| Material provided |

================

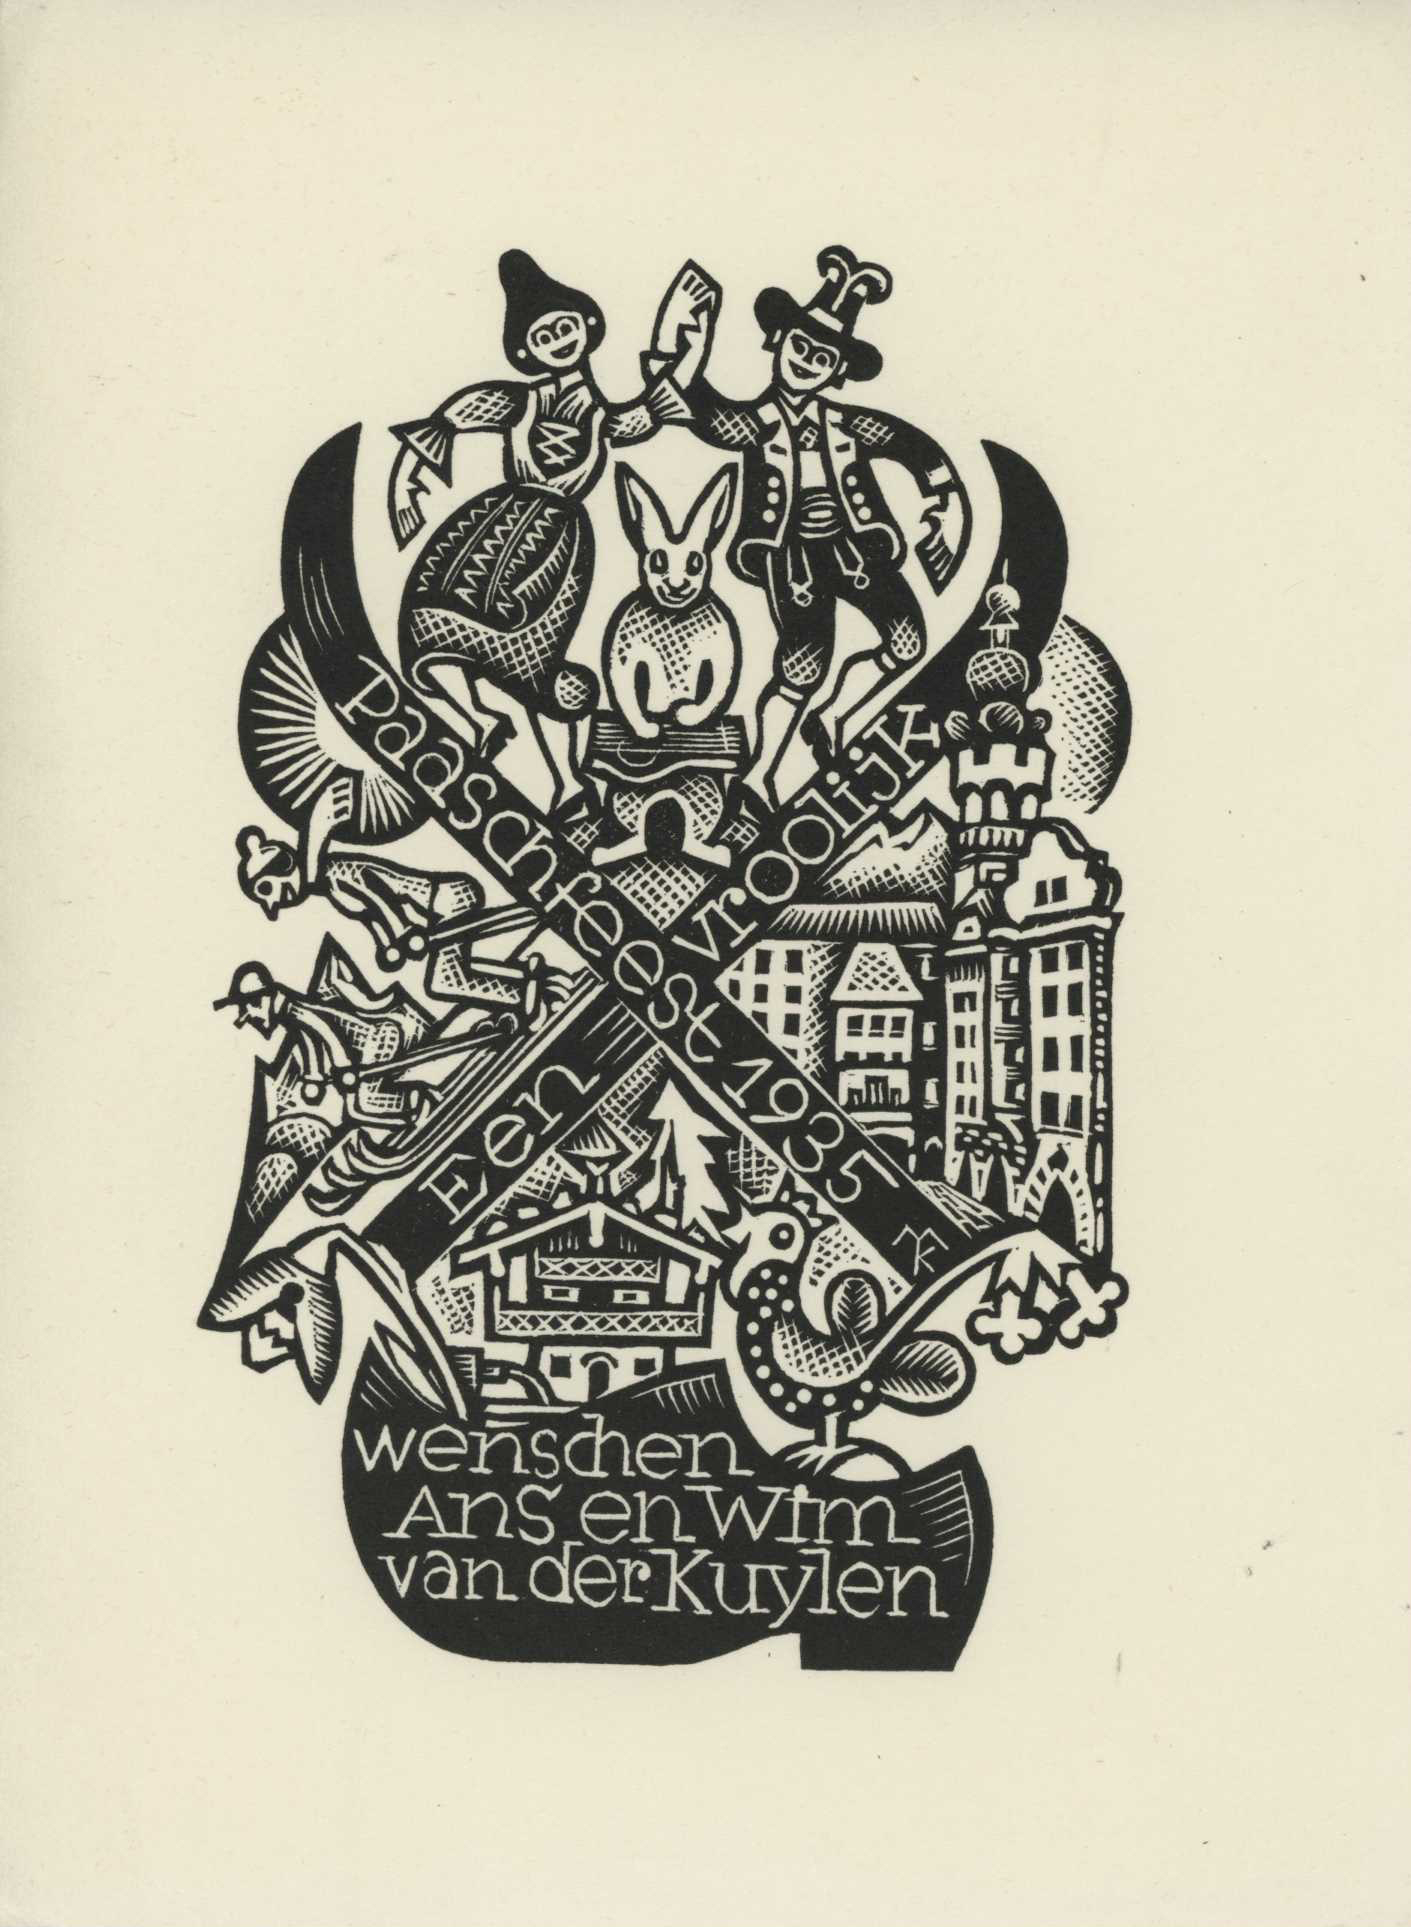 Featured image for “Vrolijk Paaschfeest 1935 - Van der Kuylen”
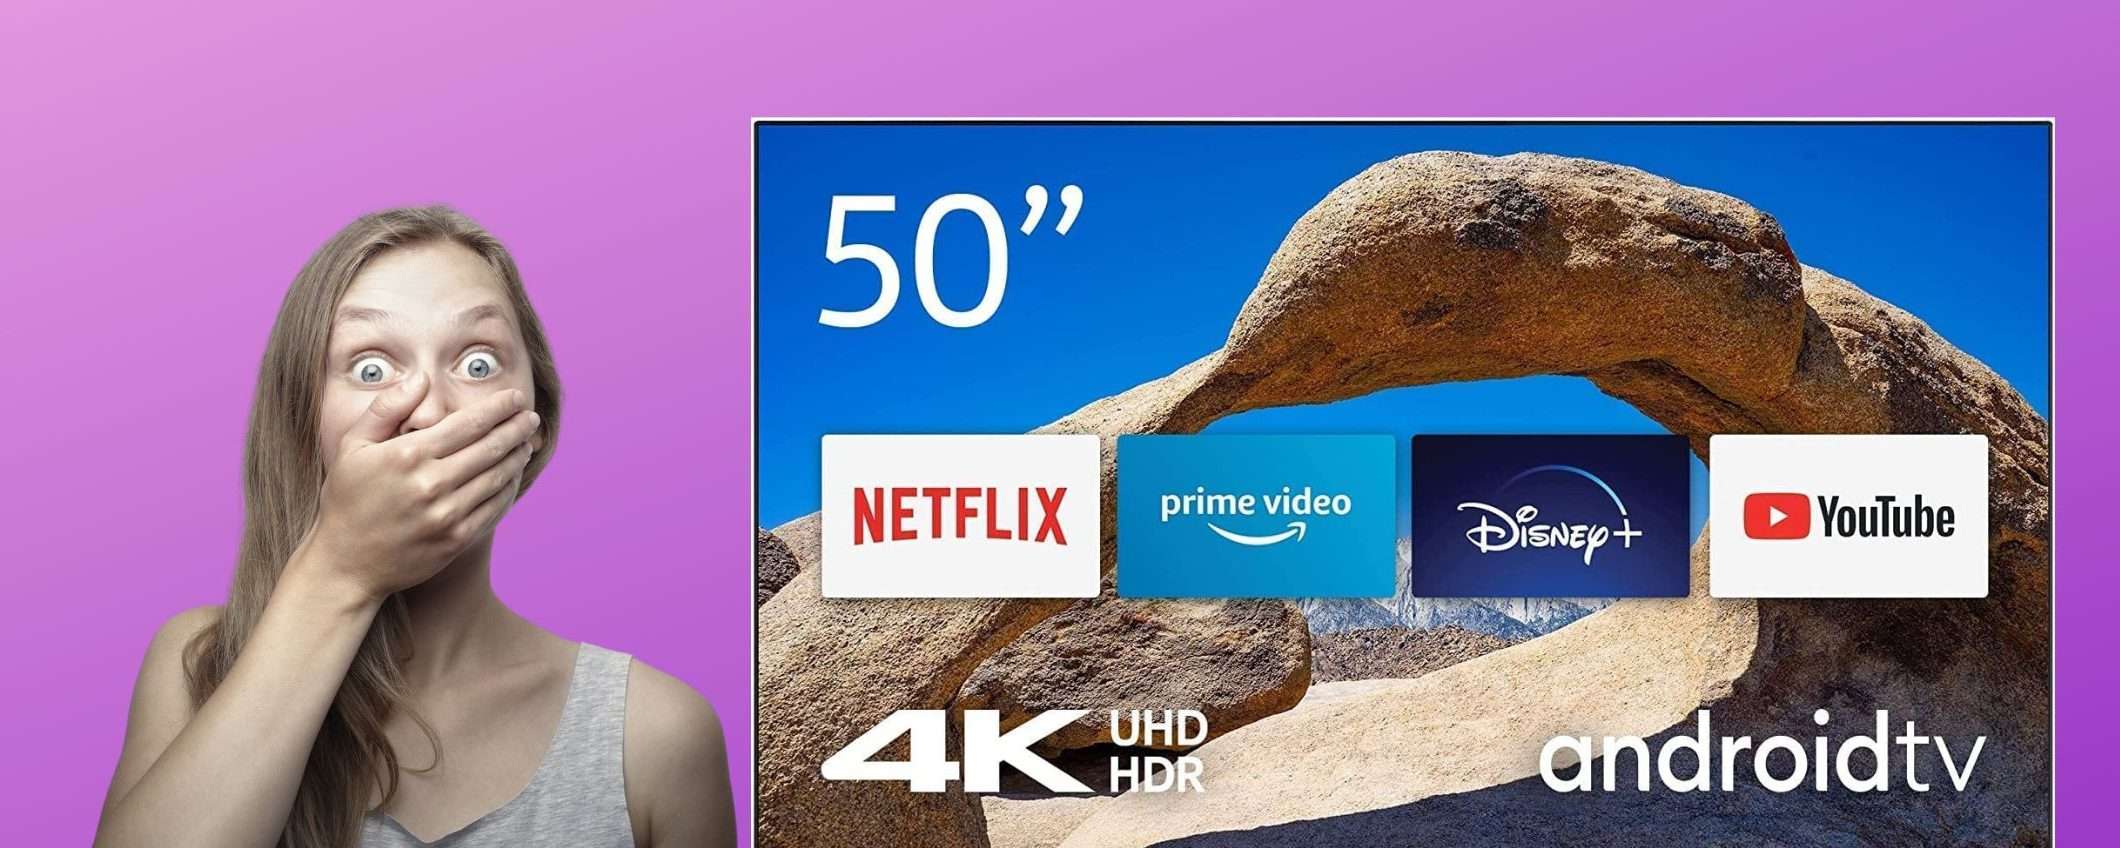 Nokia 4K UHD TV de 50 polegadas: a melhor experiência de visualização a um preço acessível
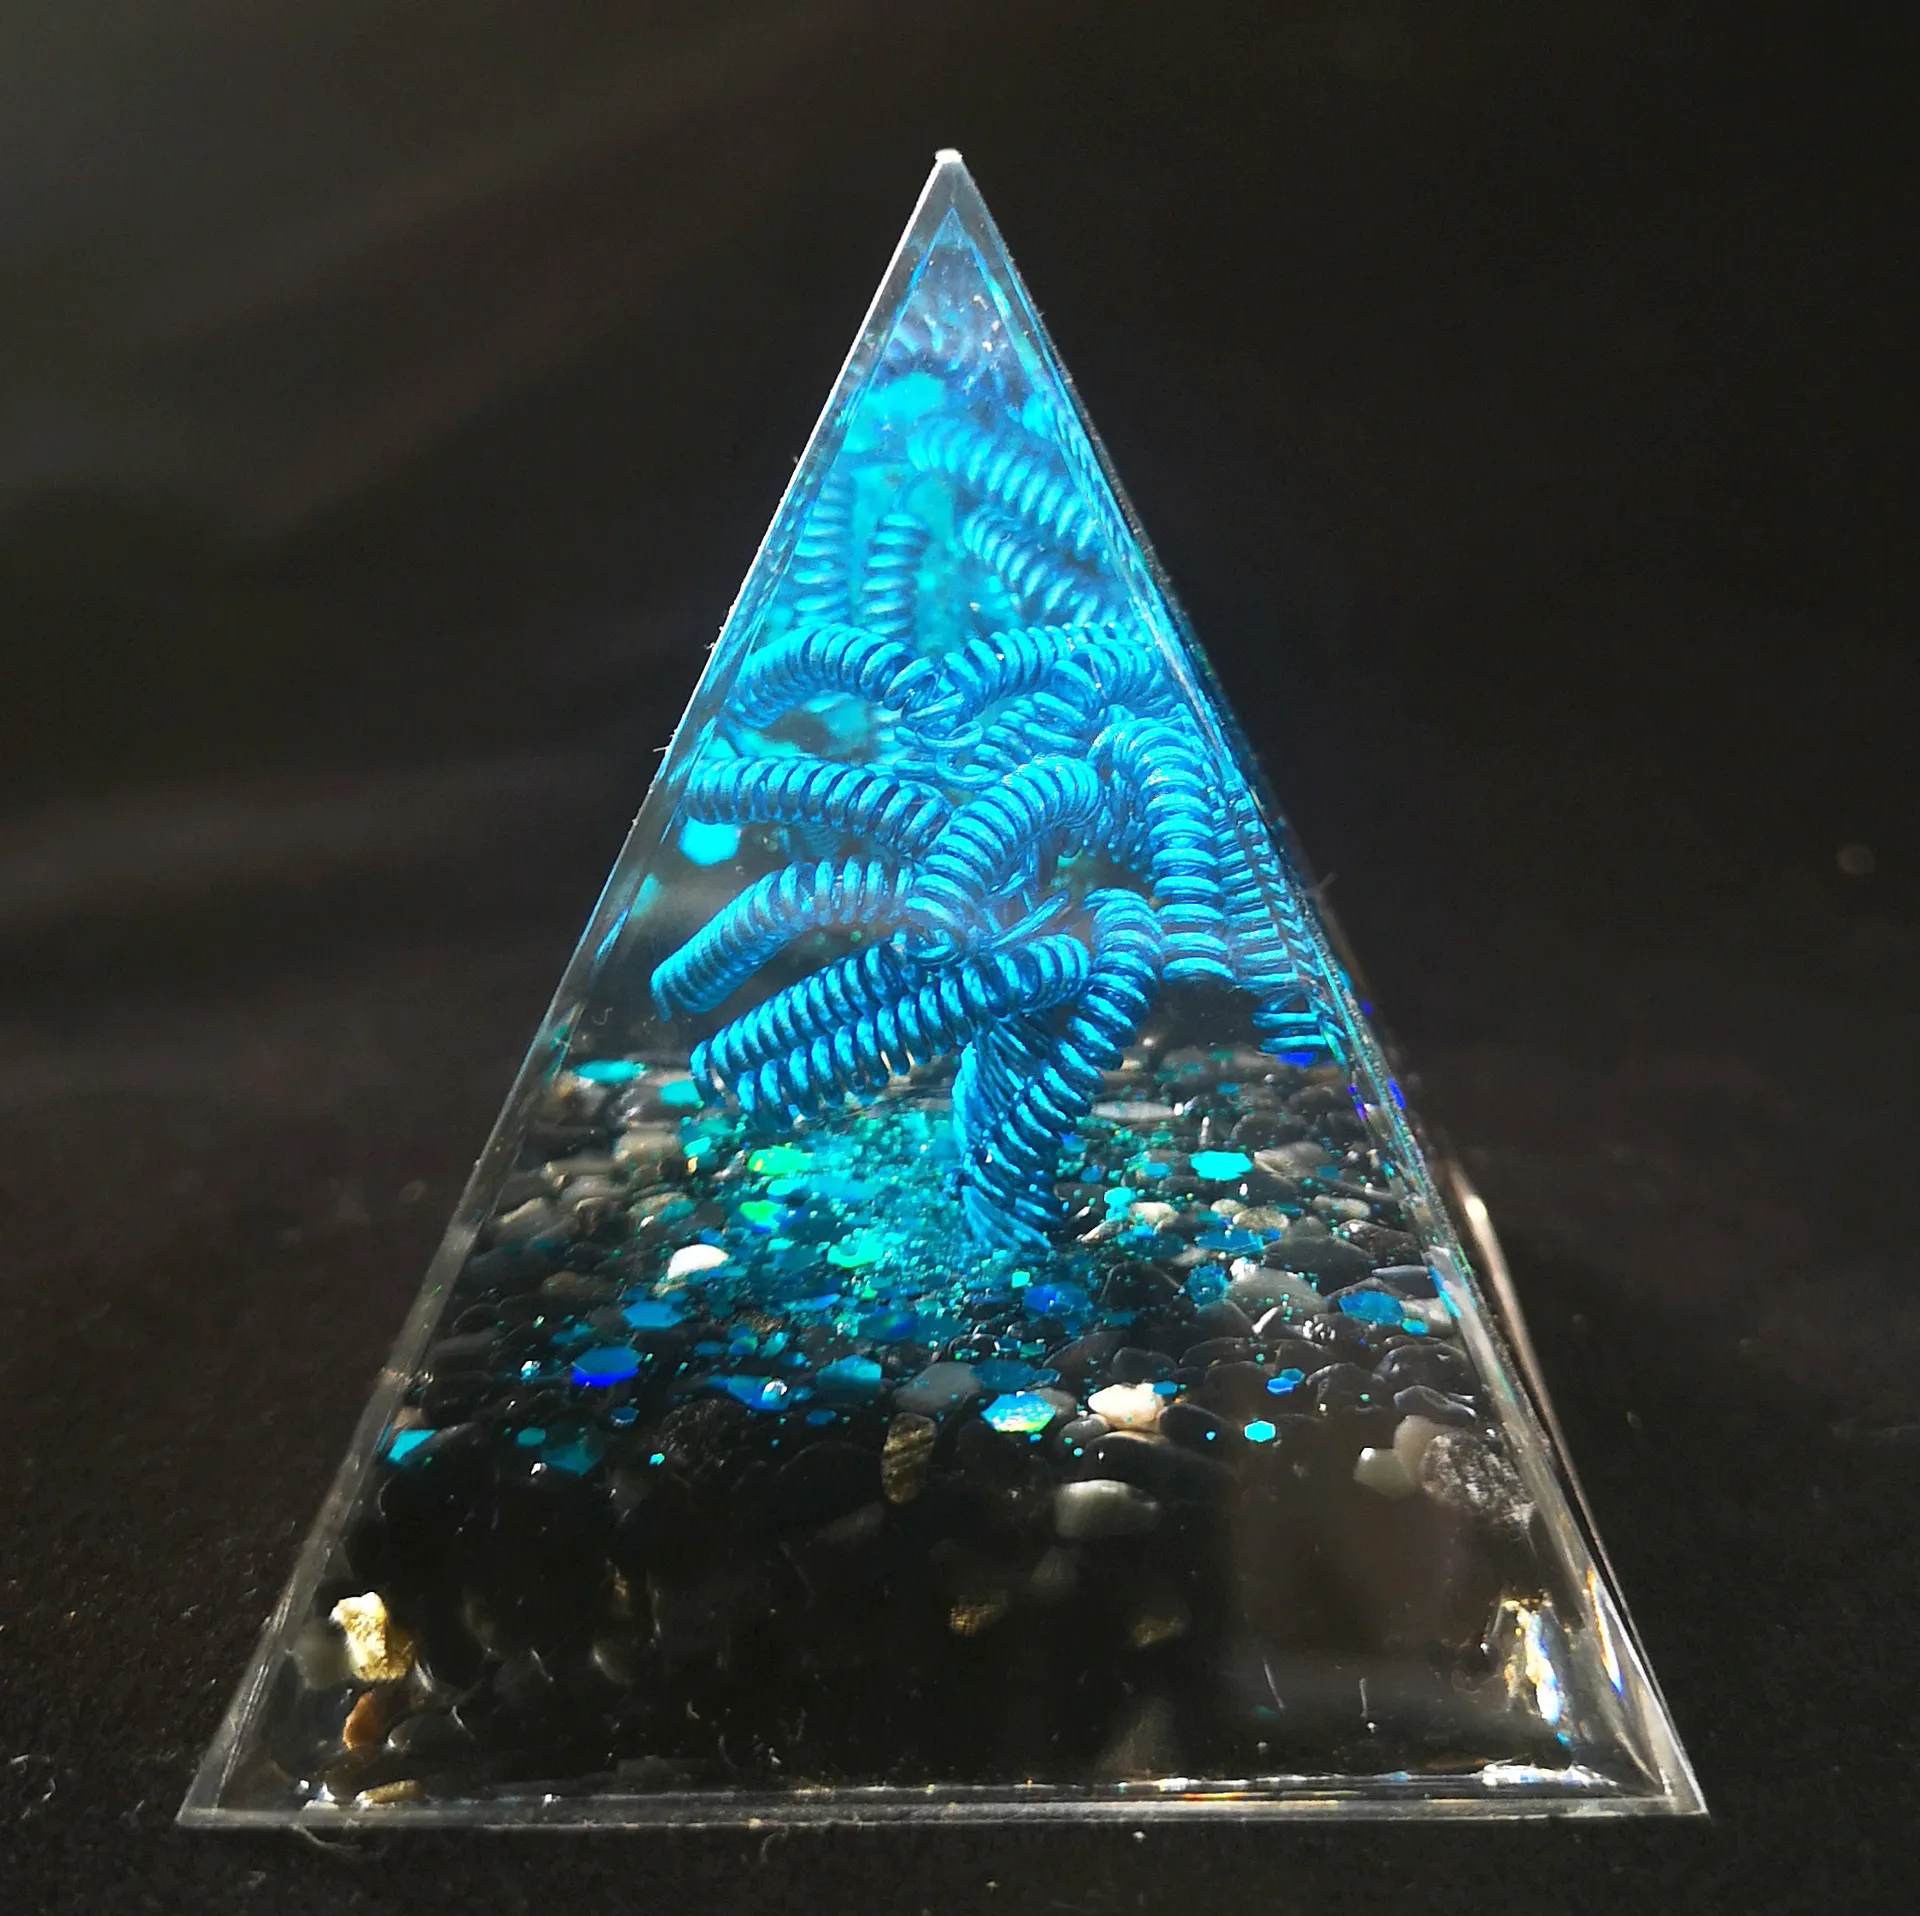 Piramide di Ogan Piramide di Ghiaia di Cristallo Tessuto a Mano Filo di Rame Albero Artigianato Arredamento Per La Casa

================

| Activity |
Reproduce the data above without a single change, please, but without its pictures.

| Response for this exercise |
 Featured image for “Vrolijk Paaschfeest 1935 - Van der Kuylen”
 Nokia 4K UHD TV de 50 polegadas: a melhor experiência de visualização a um preço acessível
 Piramide di Ogan Piramide di Ghiaia di Cristallo Tessuto a Mano Filo di Rame Albero Artigianato Arredamento Per La Casa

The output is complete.